Task description ▸ Output the listing exactly as written, apart from its pictures.

Recorded information ▸
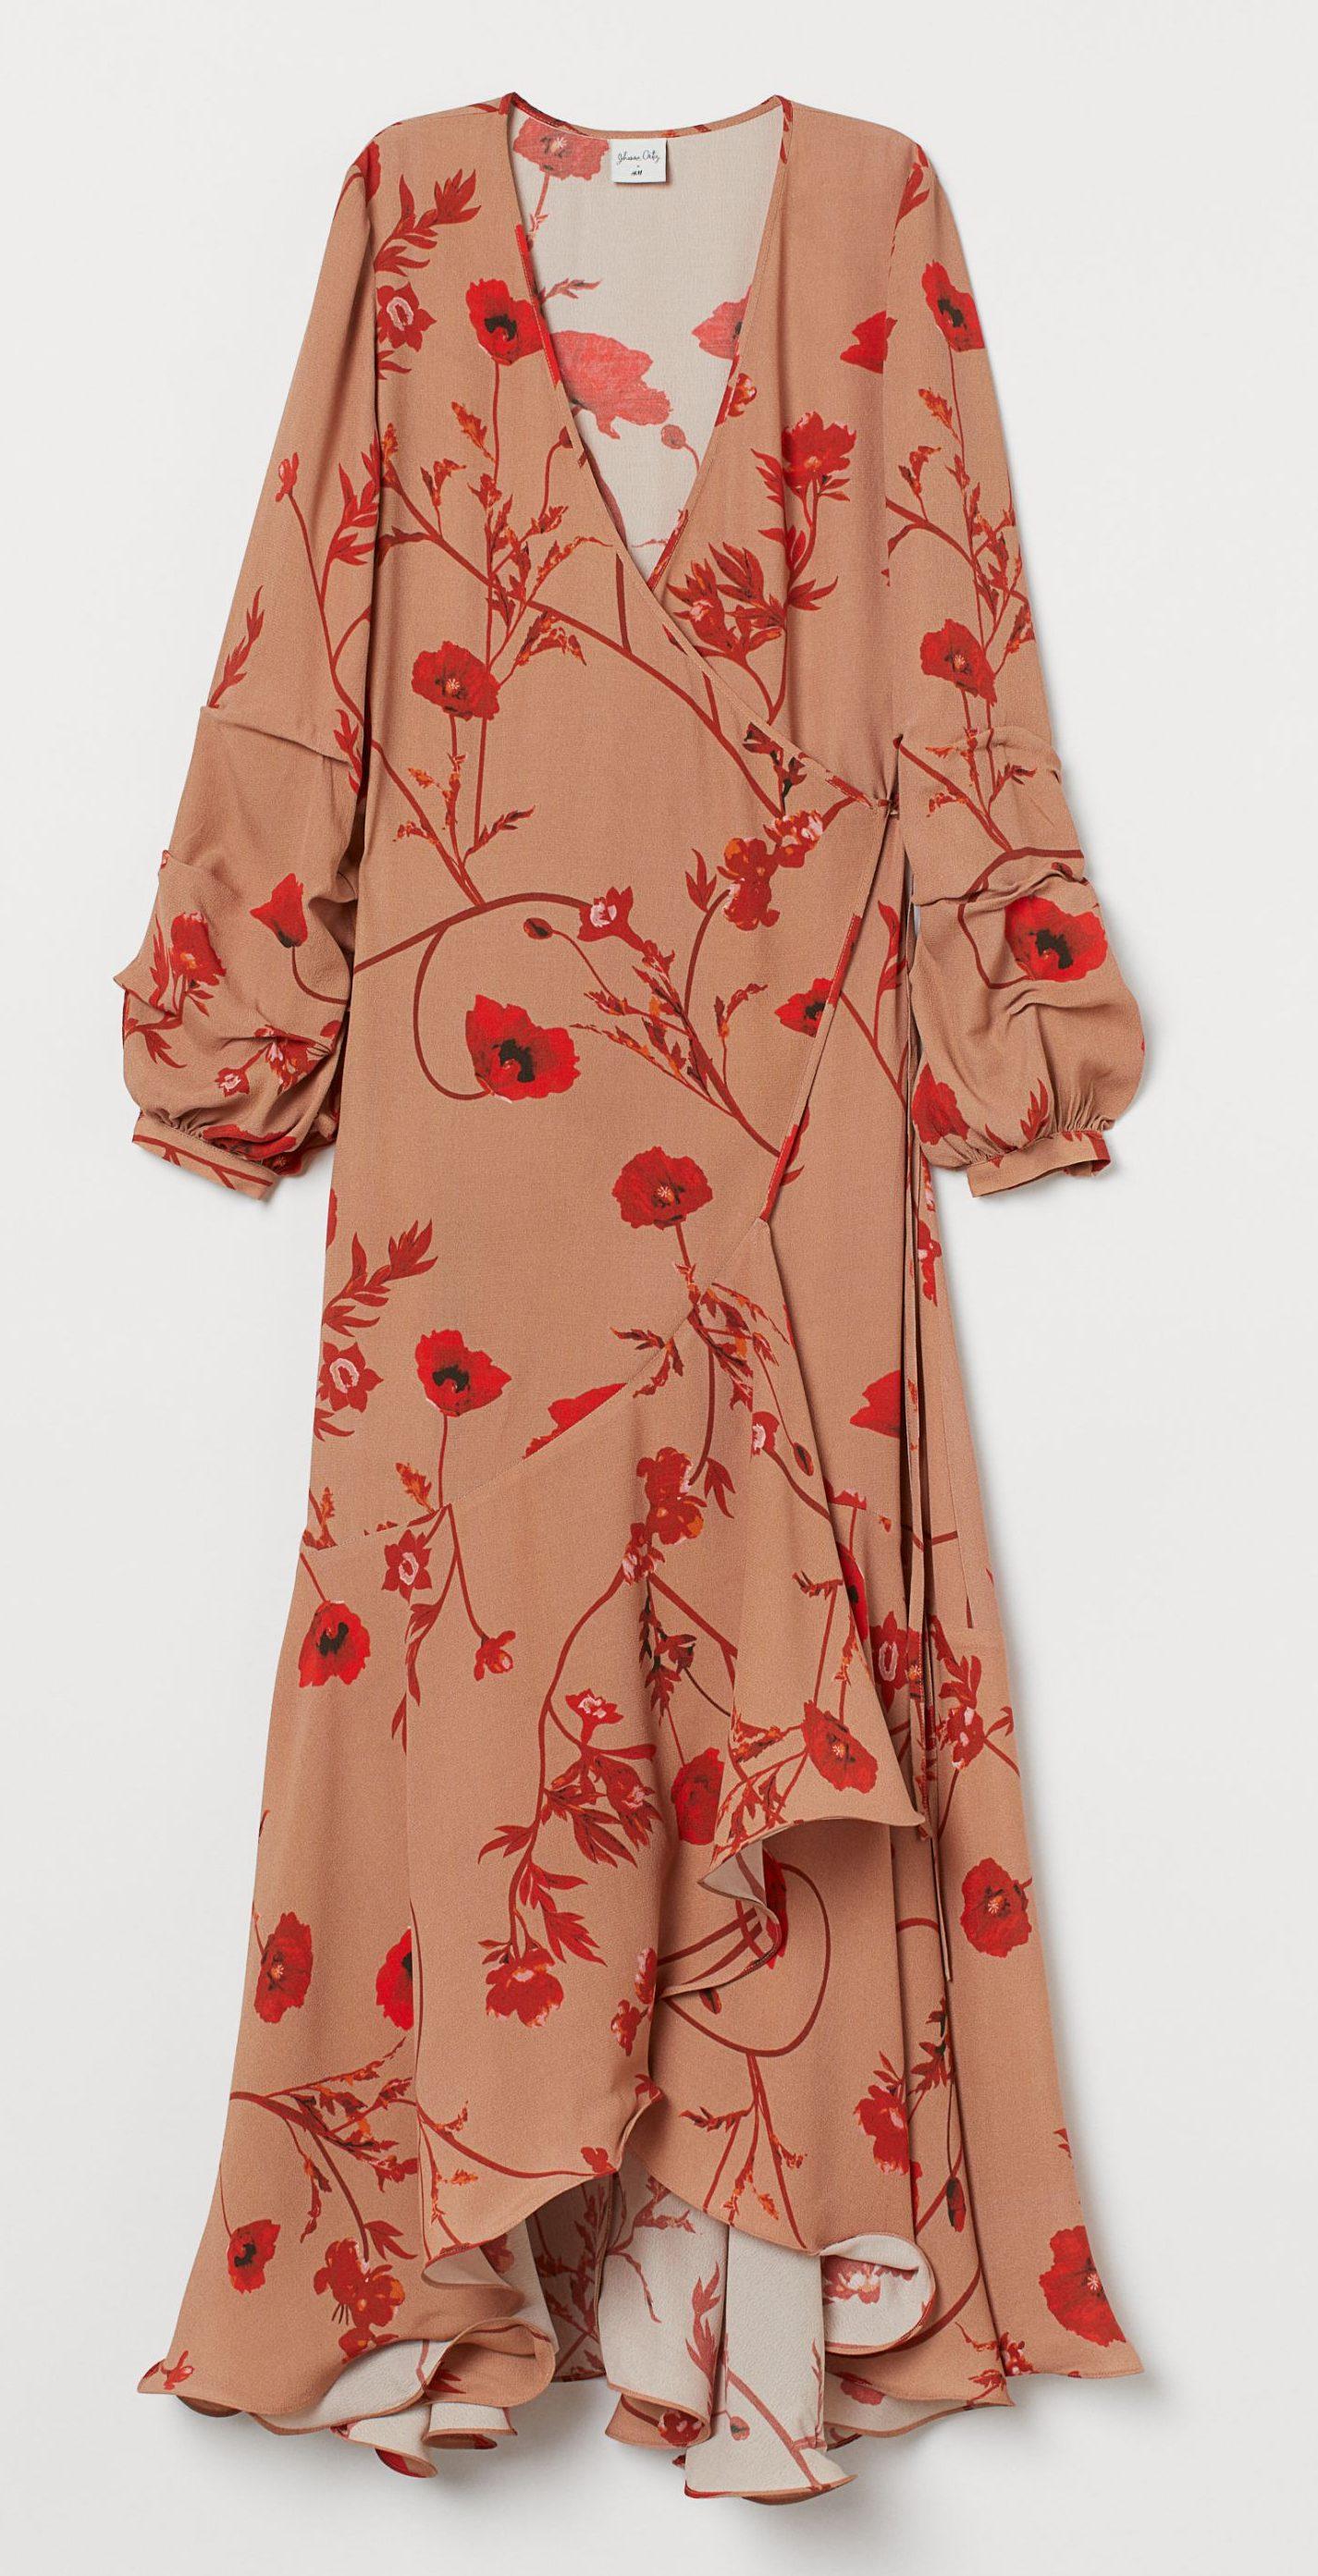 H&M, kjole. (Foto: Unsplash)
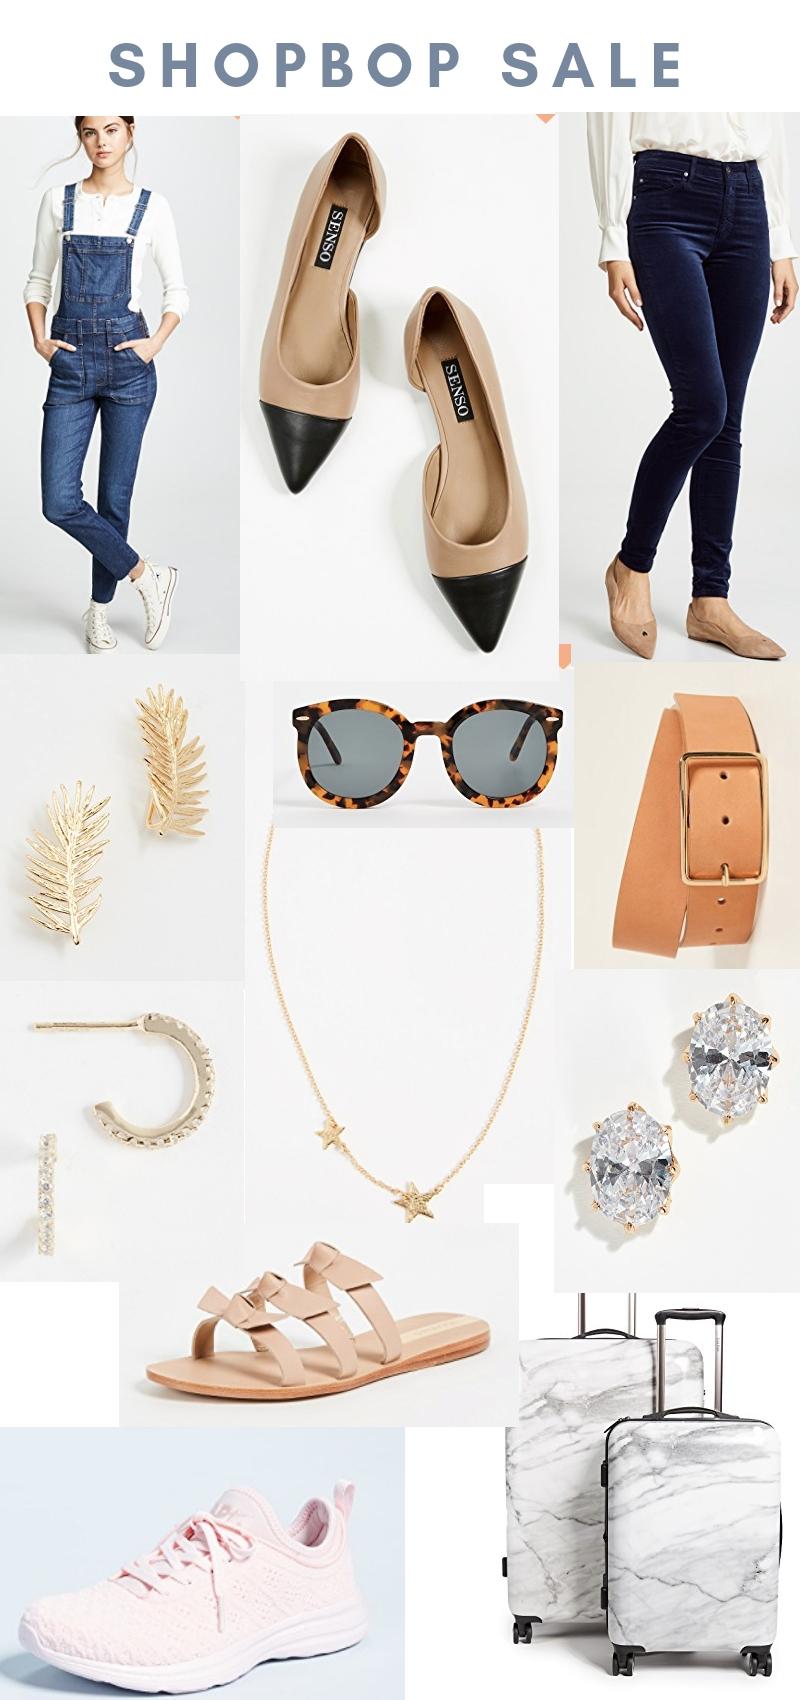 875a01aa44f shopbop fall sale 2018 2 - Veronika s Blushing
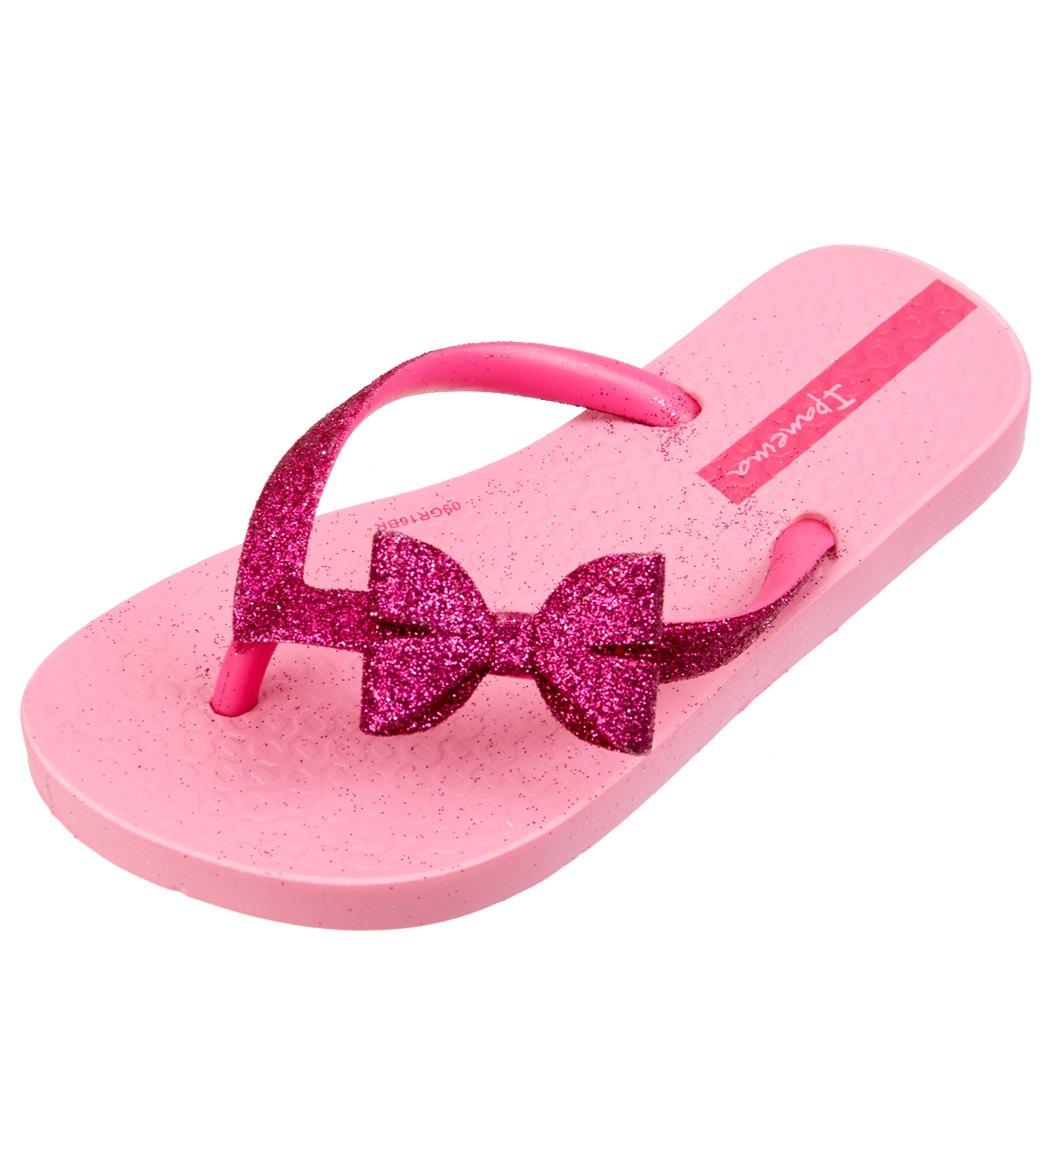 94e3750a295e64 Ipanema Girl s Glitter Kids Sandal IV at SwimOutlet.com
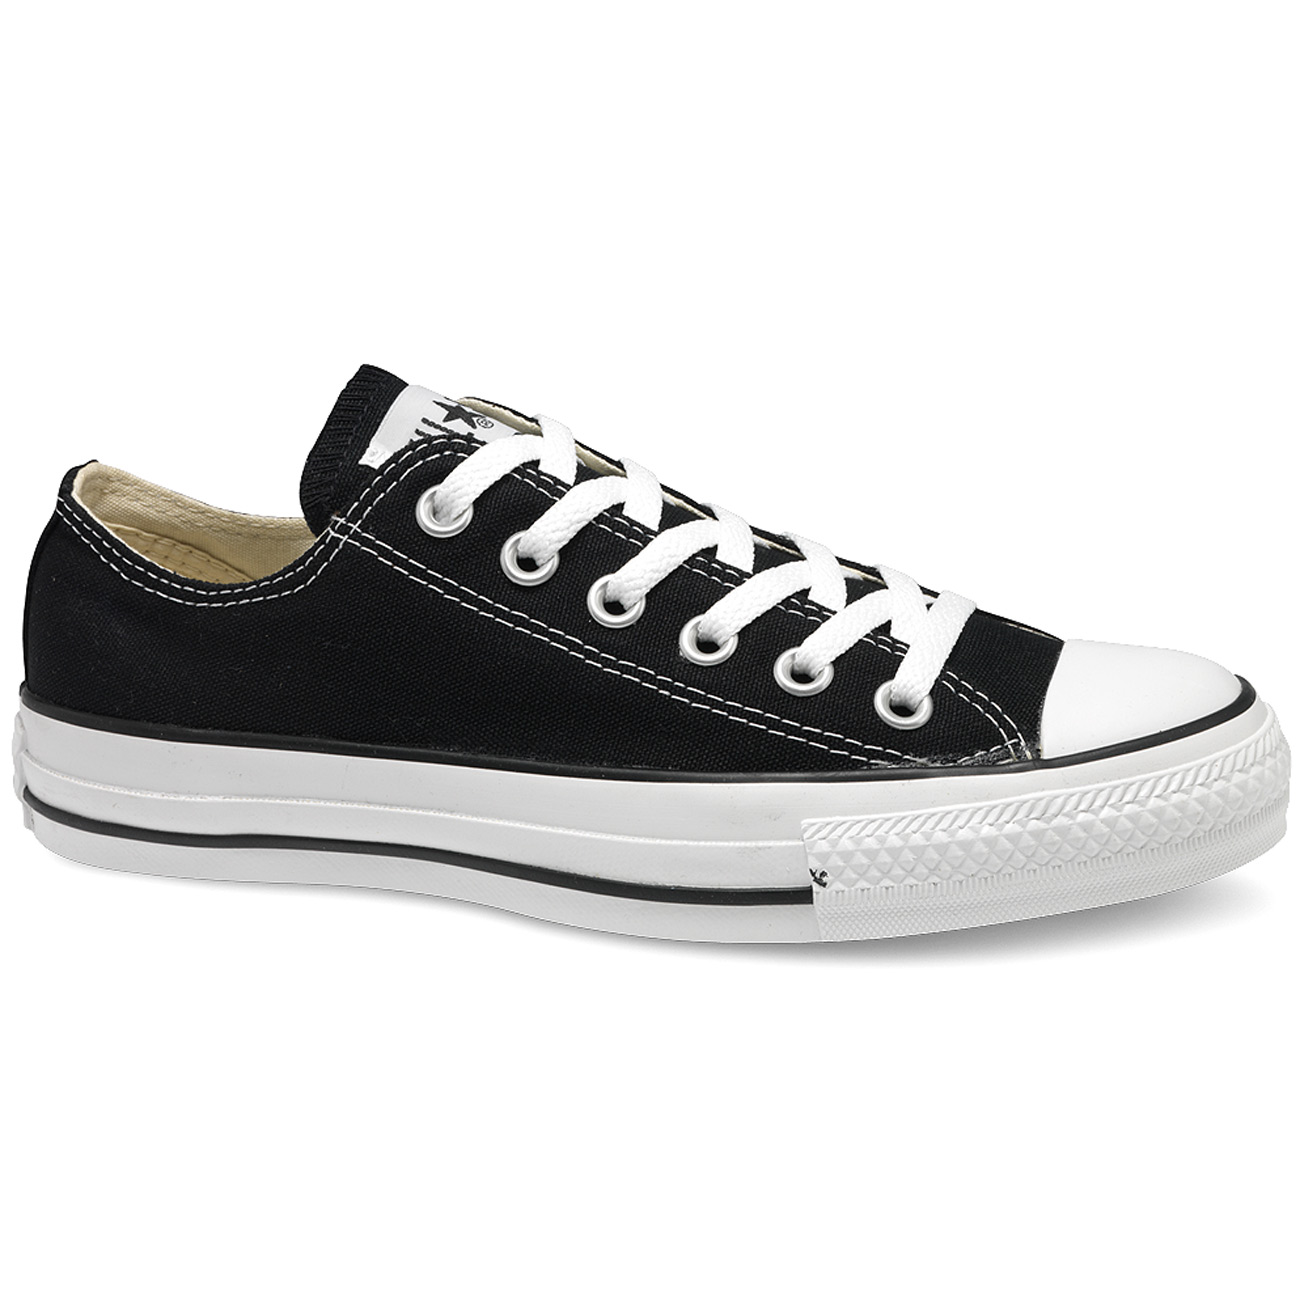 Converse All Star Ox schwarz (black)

Your solution ▸
 H&M, kjole. (Foto: Unsplash)
 875a01aa44f shopbop fall sale 2018 2 - Veronika s Blushing
 94e3750a295e64 Ipanema Girl s Glitter Kids Sandal IV at SwimOutlet.com
 Converse All Star Ox schwarz (black)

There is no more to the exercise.